Researchers at the University of Glasgow have developed a new implantable bioelectronic device designed to improve the effectiveness of photodynamic therapy (PDT) for bladder cancer treatment. The innovative platform uses wirelessly powered micro-LEDs to deliver light directly to tumours, potentially enabling more precise, less invasive, and more affordable cancer therapies in the future.

The device, created by engineers and cancer scientists led by Professor David Flynn, represents an important step toward next-generation implantable photonic medical technologies. The research has been published in the journal Opto-Electronic Advances.

Photodynamic therapy is a cancer treatment that uses light-sensitive drugs, known as photosensitizers, to selectively destroy cancer cells. While PDT is already widely used for skin cancer treatment, its application in deeper tissues and internal organs remains challenging because human tissue absorbs light, limiting its ability to effectively reach tumours located inside the body.

Current PDT procedures often require invasive surgeries and bulky external light systems to deliver sufficient illumination to treatment areas. The University of Glasgow team aims to overcome these limitations through a flexible implantable platform capable of delivering light directly to the tumour site while operating wirelessly.

The disc-shaped prototype measures 40 mm in diameter and incorporates four micro-LEDs mounted on a flexible substrate made from Parylene C, a biocompatible polymer commonly used in medical implants. The device was fabricated using advanced laser-based manufacturing techniques at the University’s James Watt Nanofabrication Centre.

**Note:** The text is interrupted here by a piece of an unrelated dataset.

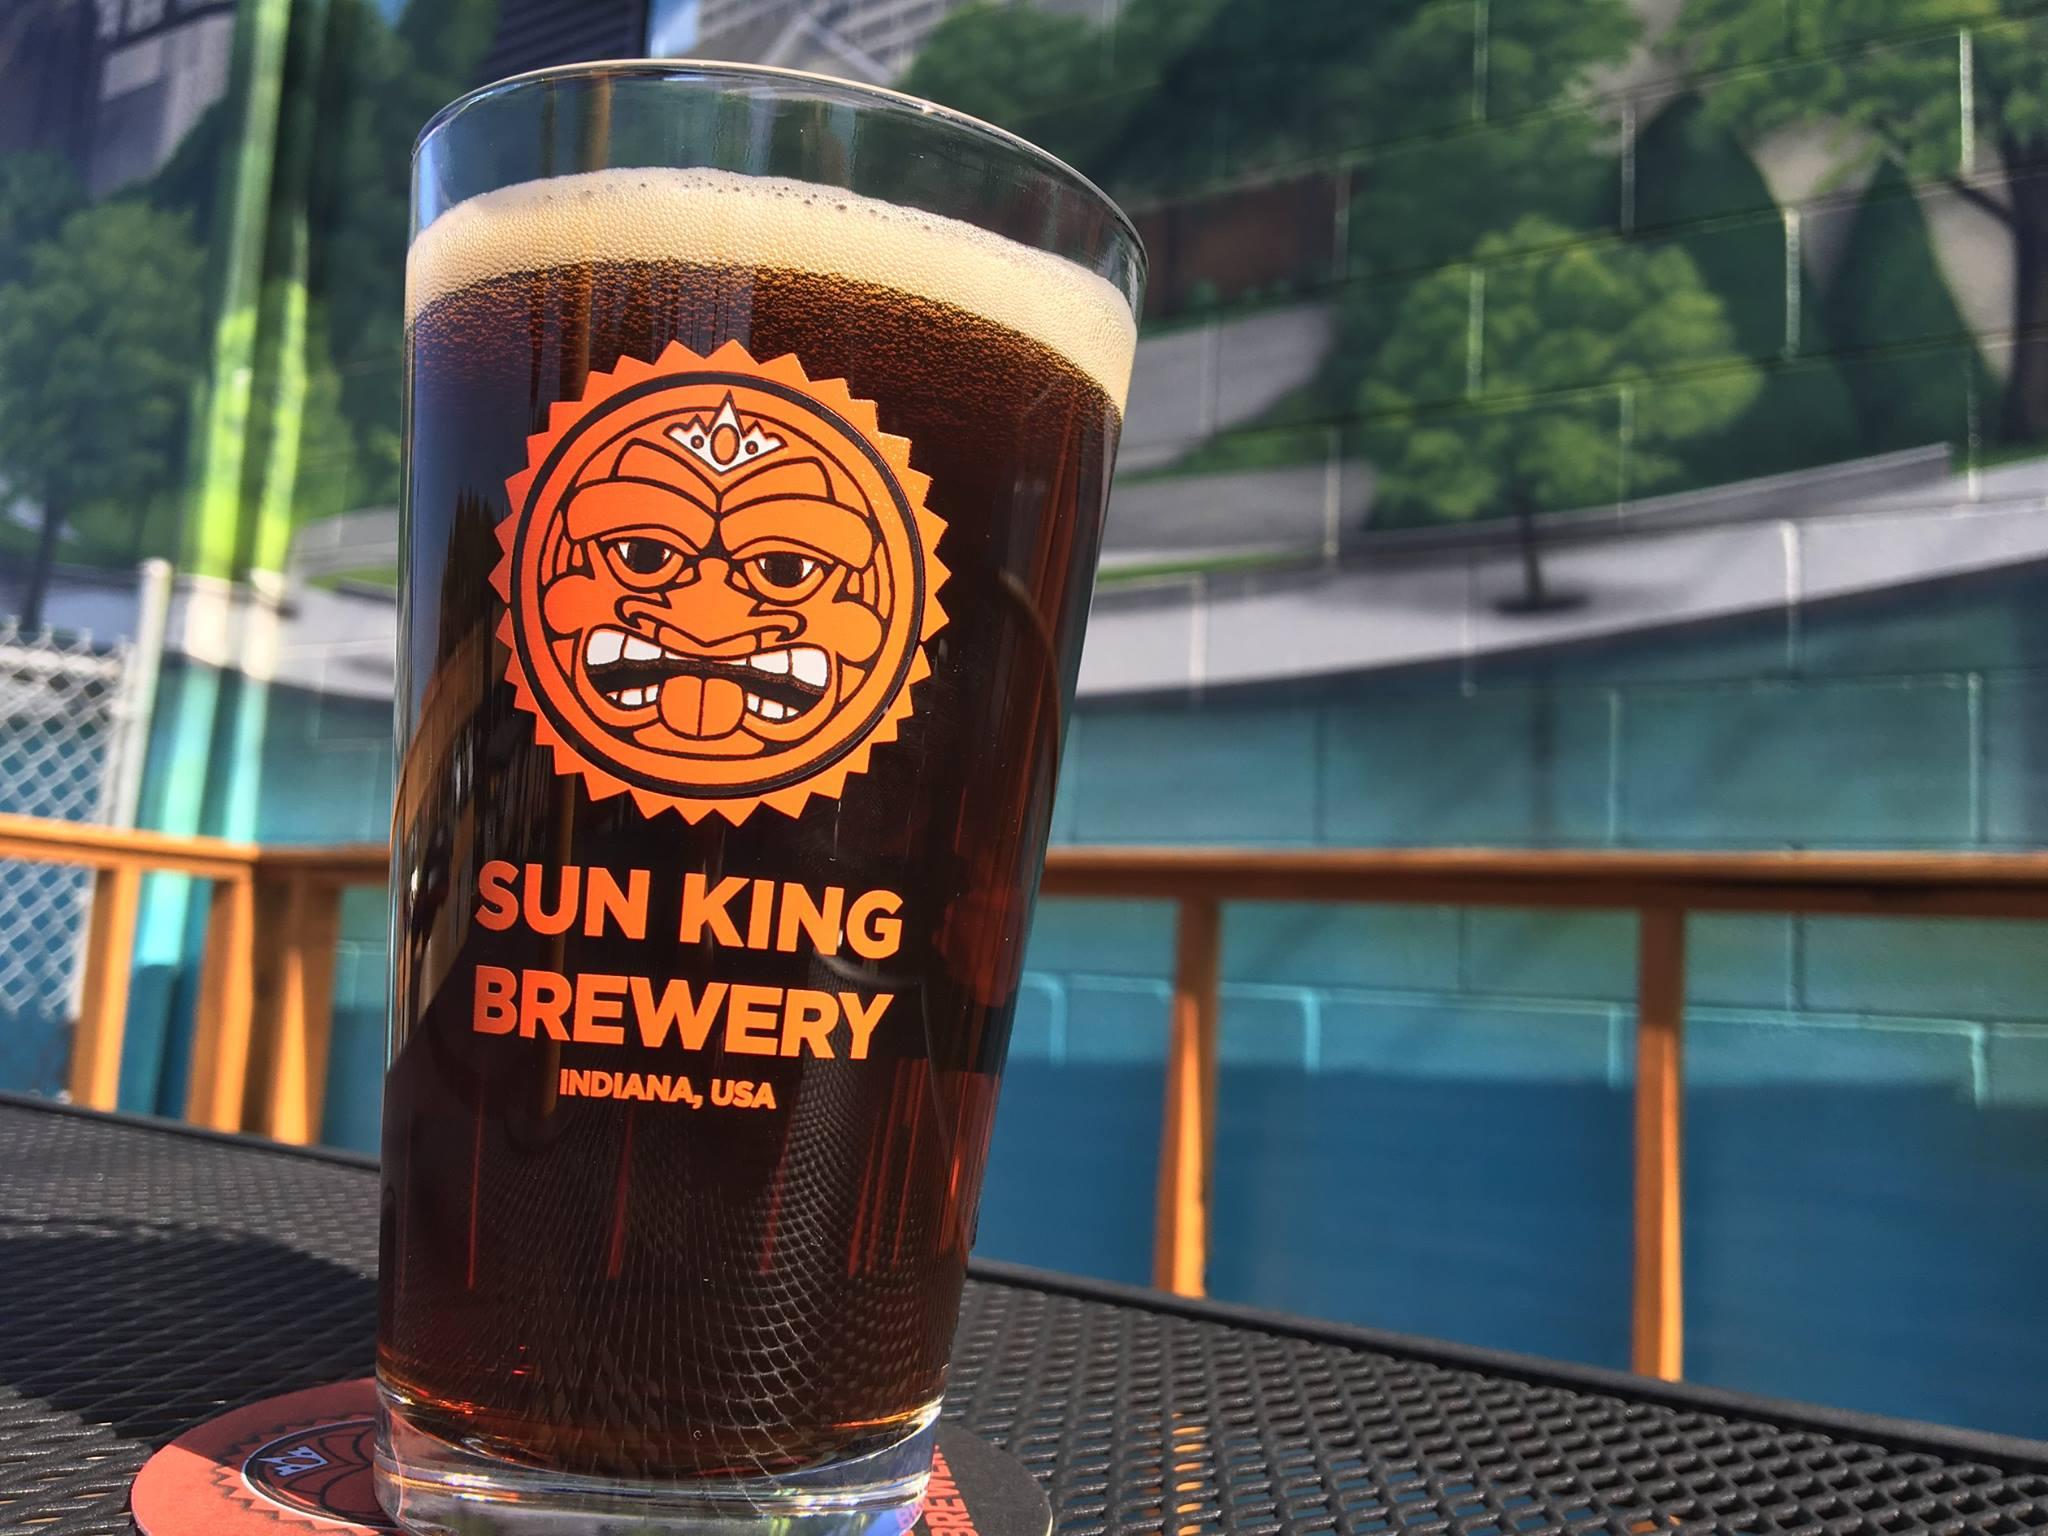 courtesy Sun King Brewery

Powered through resonant inductive wireless coupling, the micro-LED system can generate optical outputs exceeding five megawatts. In laboratory tests using synthetic tissue models designed to mimic human tissue, the researchers demonstrated that the device could transmit light effectively through tissue thicknesses of up to 50 mm with minimal loss.

The team also evaluated the system using a photosensitiser solution to test its ability to generate singlet oxygen, a highly reactive molecule responsible for destroying cancer cells during PDT. Results confirmed that the implantable LEDs successfully activated the photosensitiser and reliably generated singlet oxygen on demand.

Dr Rolan Mansour from the University of Glasgow’s James Watt School of Engineering, and corresponding author of the study, highlighted the significance of improving early cancer treatment technologies.

“Bladder cancer, like many others, is potentially curable if it is diagnosed and treated early,” said Dr Mansour. “Given that photodynamic therapy has the potential for fewer side effects and could improve cancer treatment outcomes, our work is focused on improving its effectiveness by delivering light where it’s most needed.”

Professor David Flynn, who leads the EPSRC PATIENT project behind the research, said the findings demonstrate how flexible bioelectronics, wireless power delivery, and photonics can be integrated to create advanced minimally invasive cancer therapies.

“These are very encouraging results, which demonstrate how flexible bioelectronics, wireless power delivery and photonics can be combined to create advanced, minimally invasive treatments,” Professor Flynn said. “Although there is still significant further experimental work to be done before the system is ready for clinical use, the results represent a significant step toward next-generation wireless cancer therapies and implantable photonic medical devices.”

The technology was recognised at the 2024 IET Excellence and Innovation Awards, where the research team received the Health Technology Award for its contribution to medical innovation.

The development reflects growing momentum in the use of bioelectronics, wireless medical devices, and photonic technologies to create targeted, patient-friendly approaches to cancer treatment and precision medicine.